Input data:

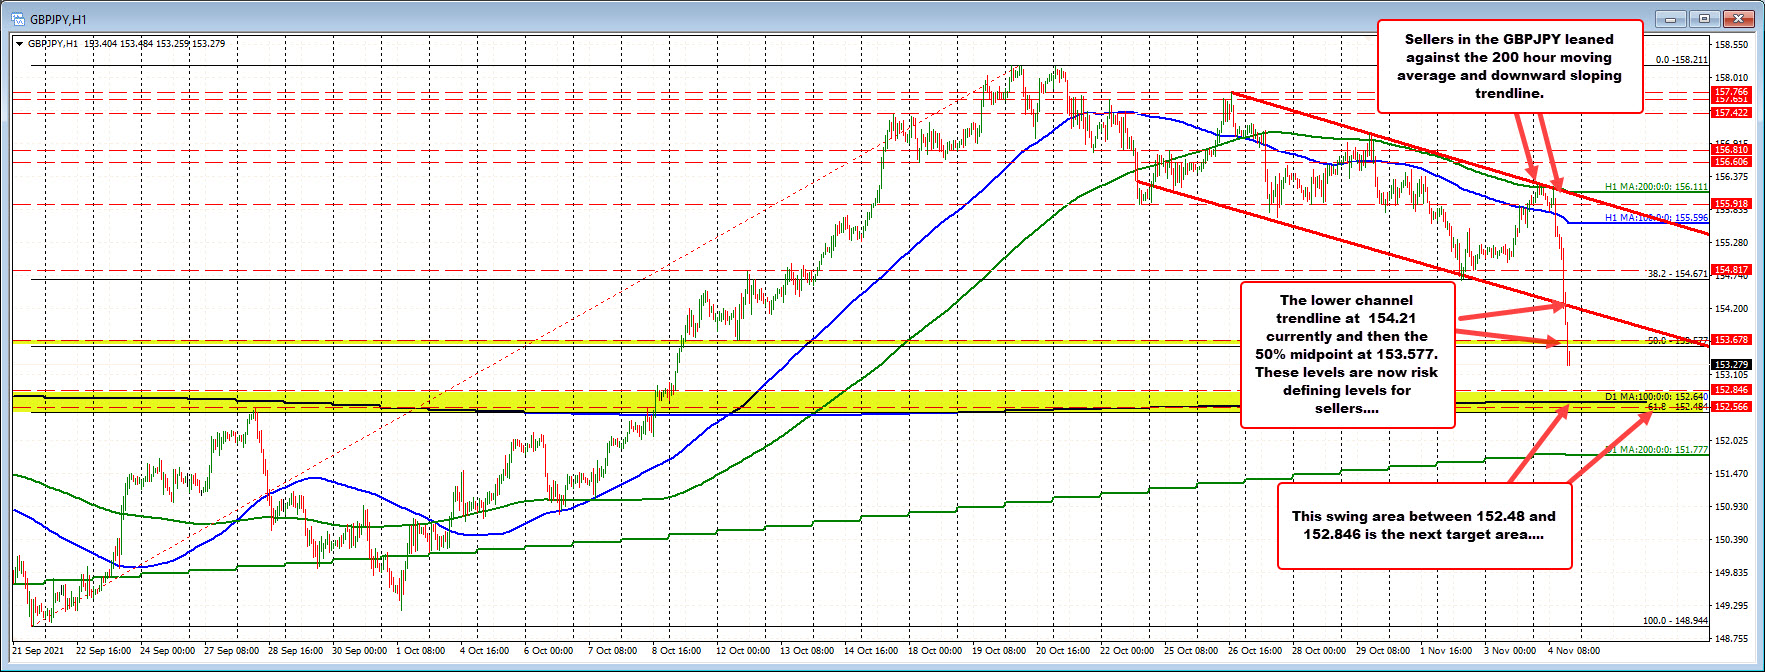 GBPJPY on the hourly chart
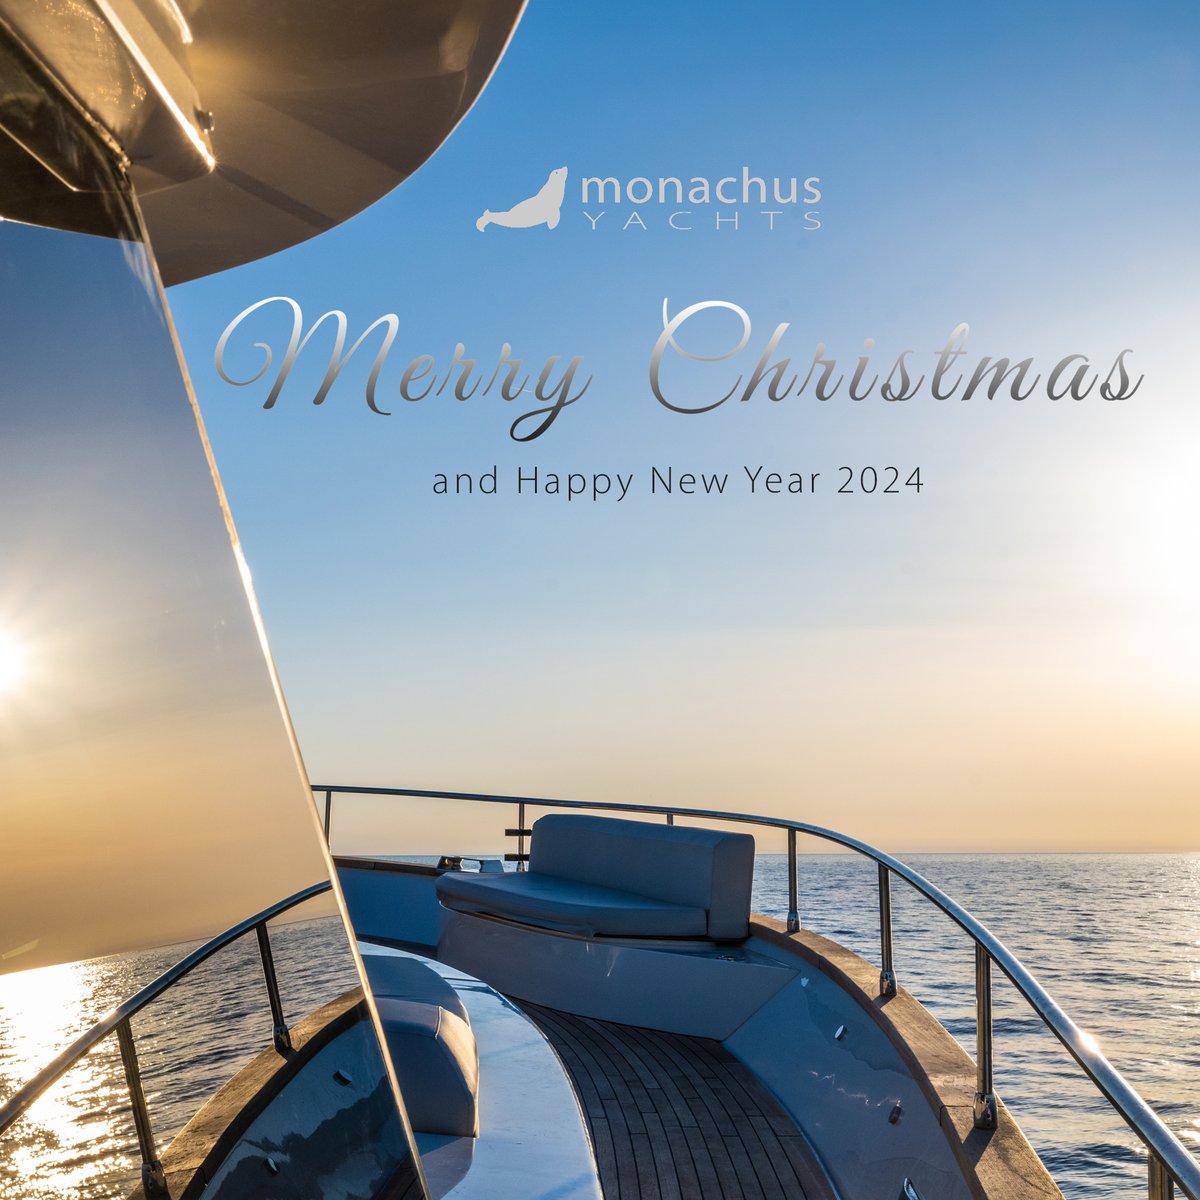 We wish you good winds in the coming year and that all your wishes come true. Enjoy the Holidays 🥰!!! -- monachusyachts.com
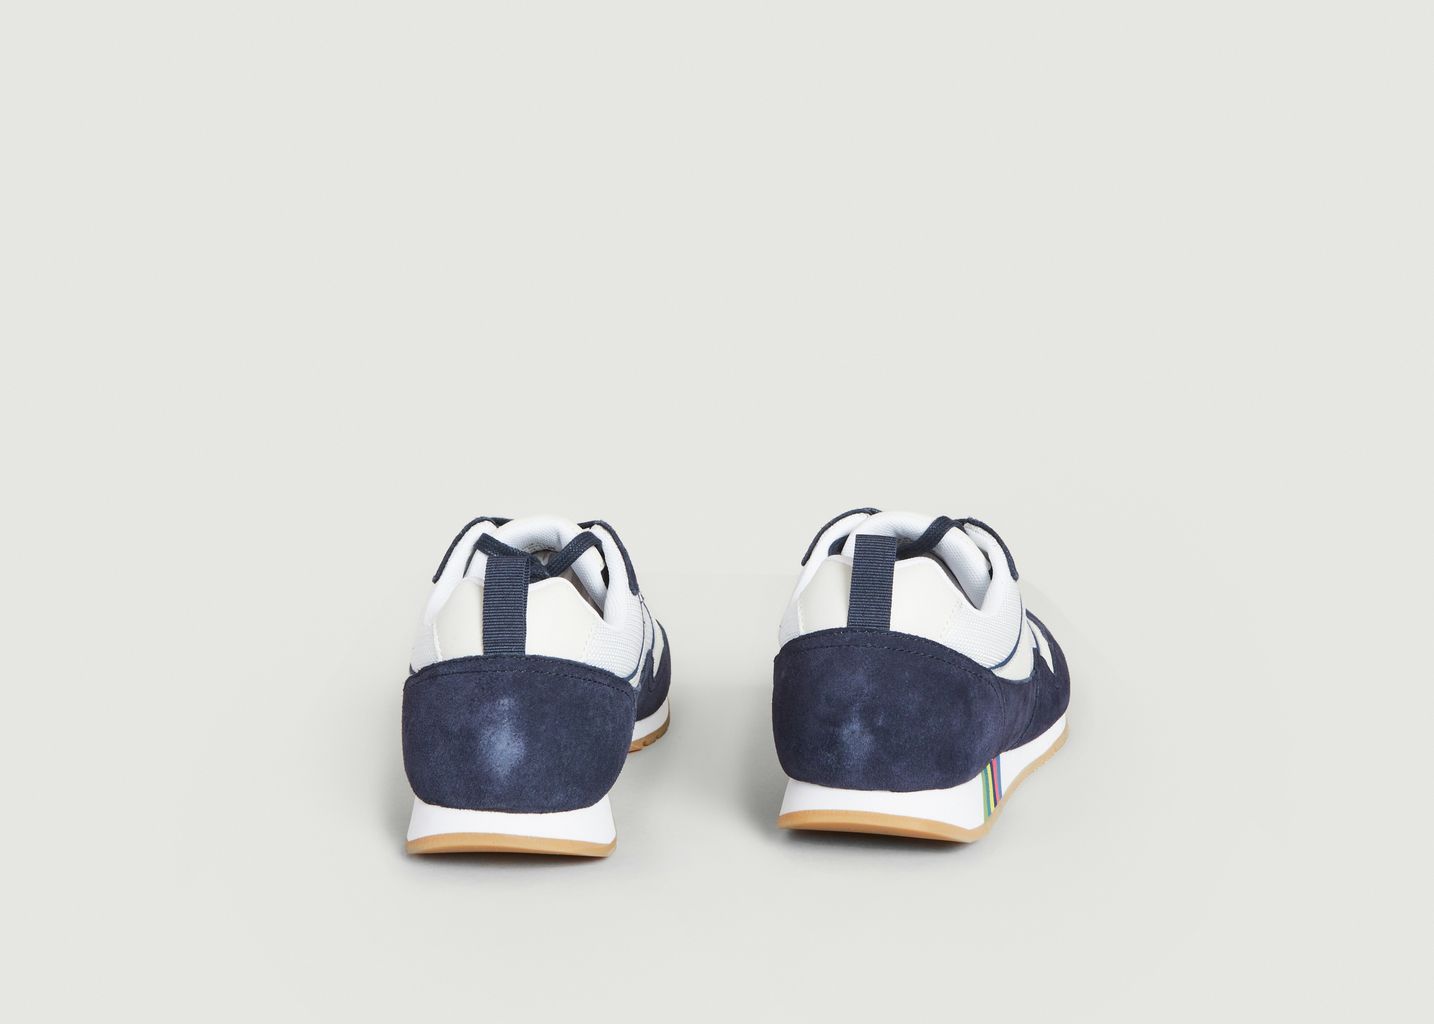 Will Sneakers - PS by PAUL SMITH
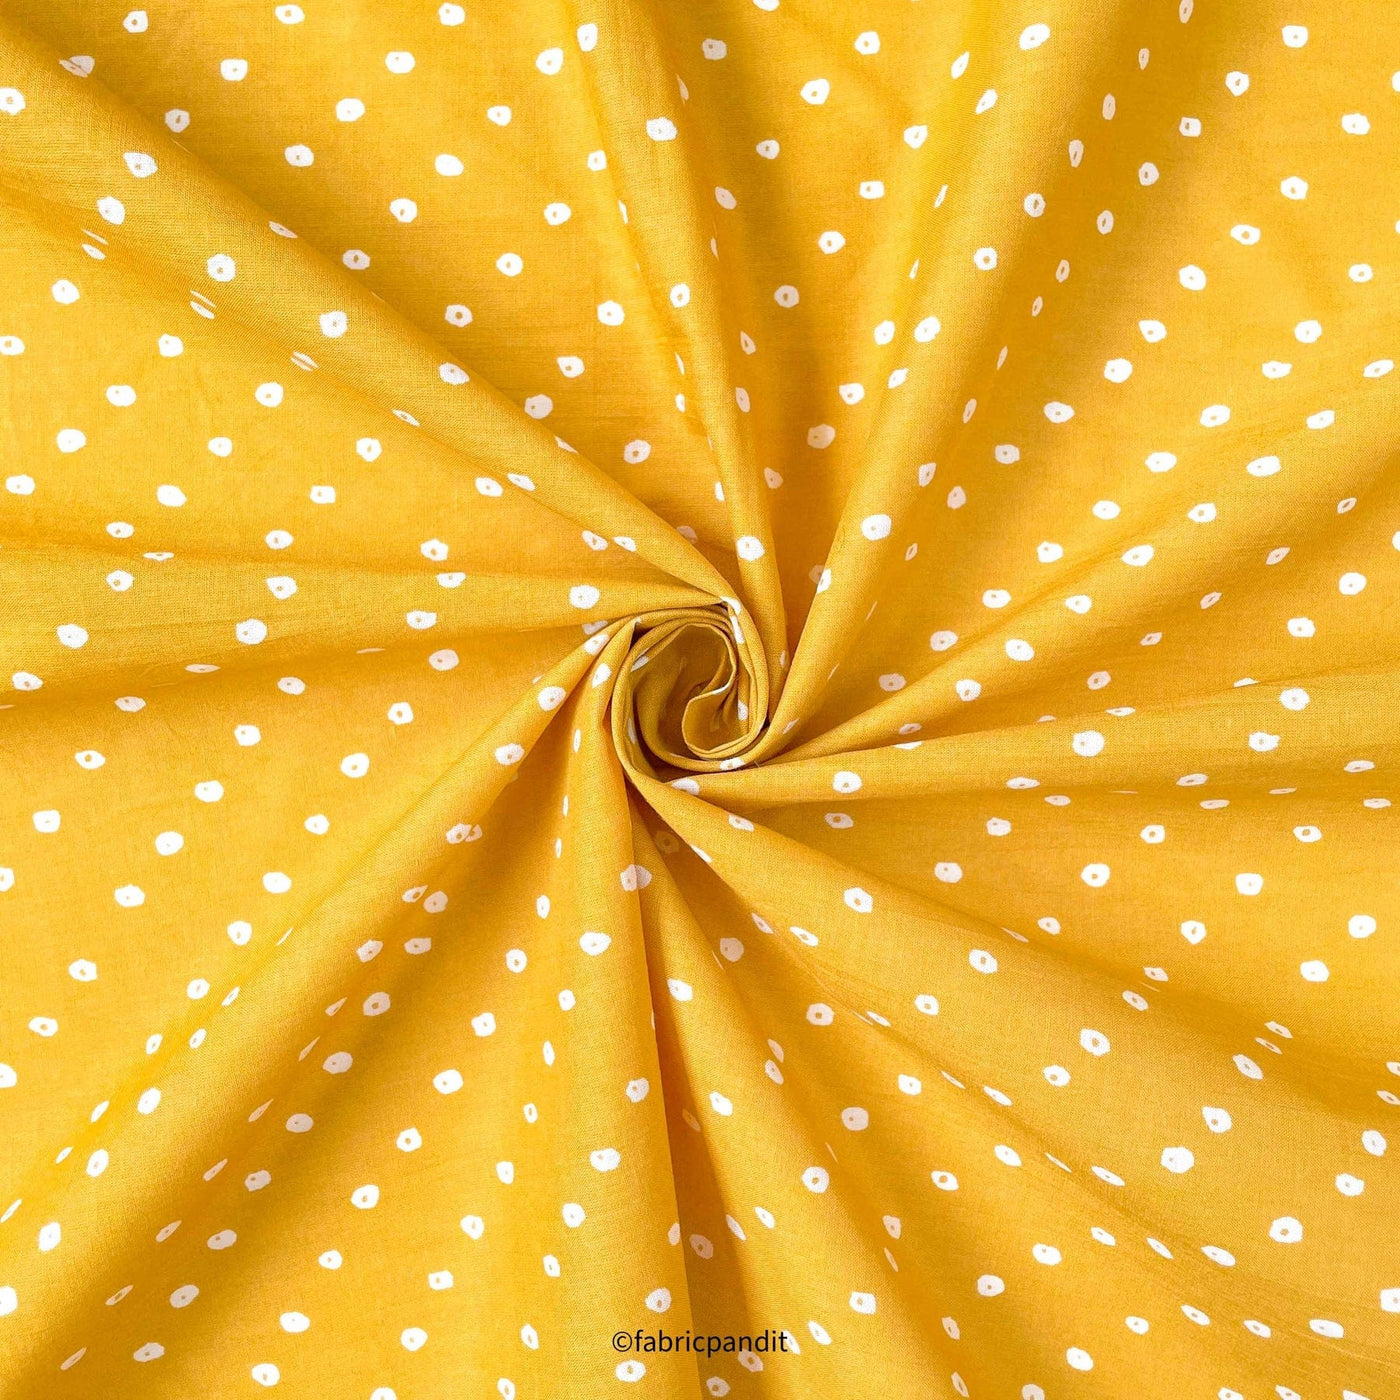 Hand Block Printed Cotton Fabric Cut Piece (CUT PIECE) Bright Yellow & White Allover Bandhani Hand Block Printed Pure Cotton Fabric (Width 42 inches)

About this exercise: Write the listing out in full, exactly; no images.

Exercise solution:
 GBPJPY on the hourly chart
 We wish you good winds in the coming year and that all your wishes come true. Enjoy the Holidays 🥰!!! -- monachusyachts.com
 Will Sneakers - PS by PAUL SMITH
 Hand Block Printed Cotton Fabric Cut Piece (CUT PIECE) Bright Yellow & White Allover Bandhani Hand Block Printed Pure Cotton Fabric (Width 42 inches)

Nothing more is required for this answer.